Mayor Bill de Blasio's pro-traffic-safety "Vision Zero" plan is getting some free advertising. Some 2,500 private garbage trucks will bear bumper stickers promoting the city's new speed limit of 25 miles per hour.
The bumper-sticker campaign is the brainchild of the New York City chapter of the National Waste and Recycling Association, which endorsed Vision Zero at a summit meeting with city officials and transportation advocates in Queens Thursday.
The stickers read "I DRIVE 25" in reference to the signing of a new law by Mr. de Blasio in July that reduced the citywide speed limit to 25 mph from 30 mph. NW&RA represents 90 companies operating 2,500 garbage trucks in all five boroughs.
Tom Toscano, chief financial officer of Mr. T Carting and the chapter president of NW&RA, said his group has made strides in improving driver and pedestrian safety in recent decades, "and embracing the Vision Zero initiative will help us build on this momentum."
"We’re proud to have local partners stepping forward with a message of safety to their own members and the broader public," a spokesman for the mayor said. "Vision Zero depends on all of us stepping forward to make this city safer, and we do that one driver, one street and one community at a time. We are very appreciative of this endorsement."
Both public and private garbage trucks have been involved in numerous crashes and pedestrian fatalities, including several this year. There is no definitive study on the number of traffic deaths caused by garbage trucks, but advocates maintain that trash haulers have a higher fatality rate compared to other vehicles on the road.
The association could be hoping that its endorsement of Vision Zero will pay political dividends down the road. The group is opposed to a bill currently being considered by the City Council that would cap the amount of the city’s waste that can be handled by transfer stations in four community districts (two in the Bronx, one in Brooklyn and one in Queens). The bill is supported by environmental-justice advocates, who aim to reduce truck traffic and improve quality of life in neighborhoods with a disproportionate number of waste-transfer stations.

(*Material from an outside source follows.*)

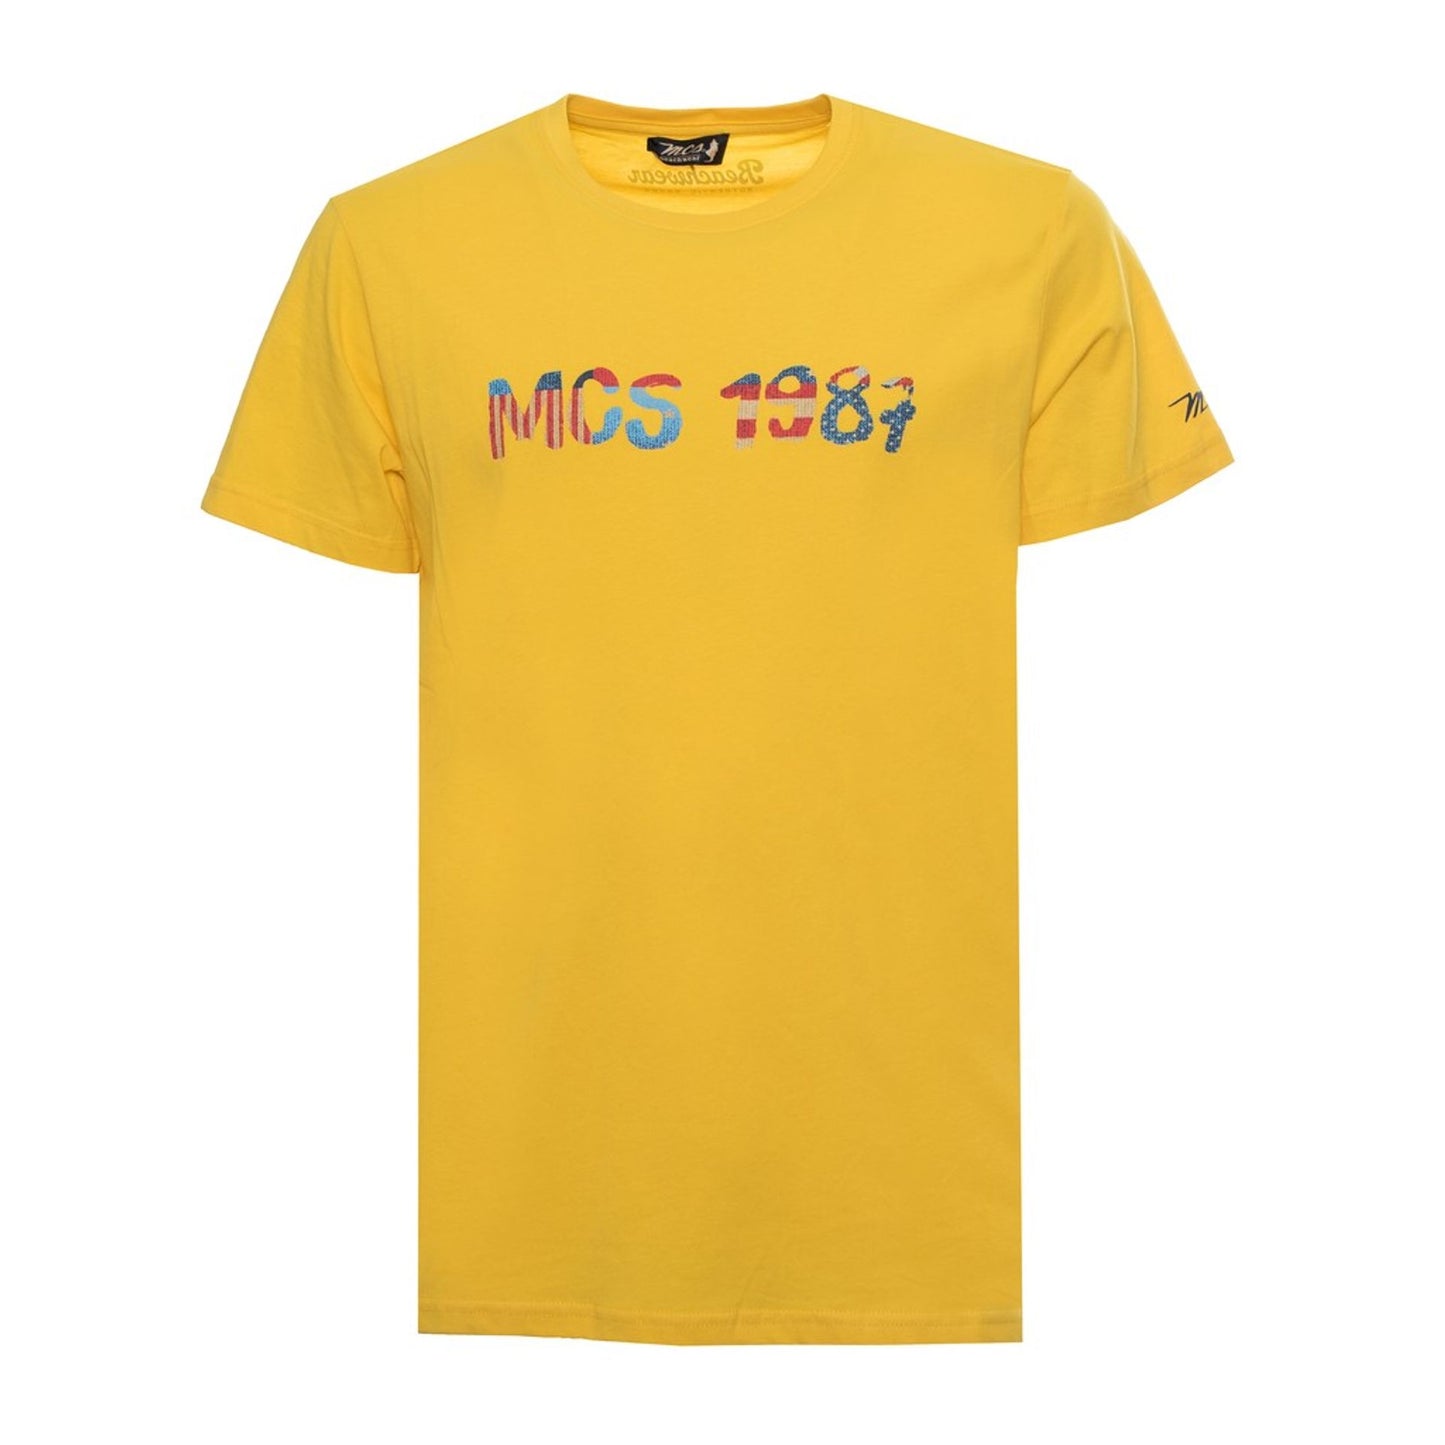 MCS T-Shirts

"Some facilities will go out of business" if the bill passes, said David Biderman, vice president of government affairs for NW&RA.
The group is also against an effort to impose a commercial-carting franchise system with competitive bidding, as is being introduced in Los Angeles. Currently, businesses contract individually with carting companies, so it is not uncommon for a series of trucks from different haulers to service the same block night after night. The city's Department of Sanitation collects residential trash.
A franchise system is supported by the Alliance for a Greater New York as well as the Citizens Budget Commission.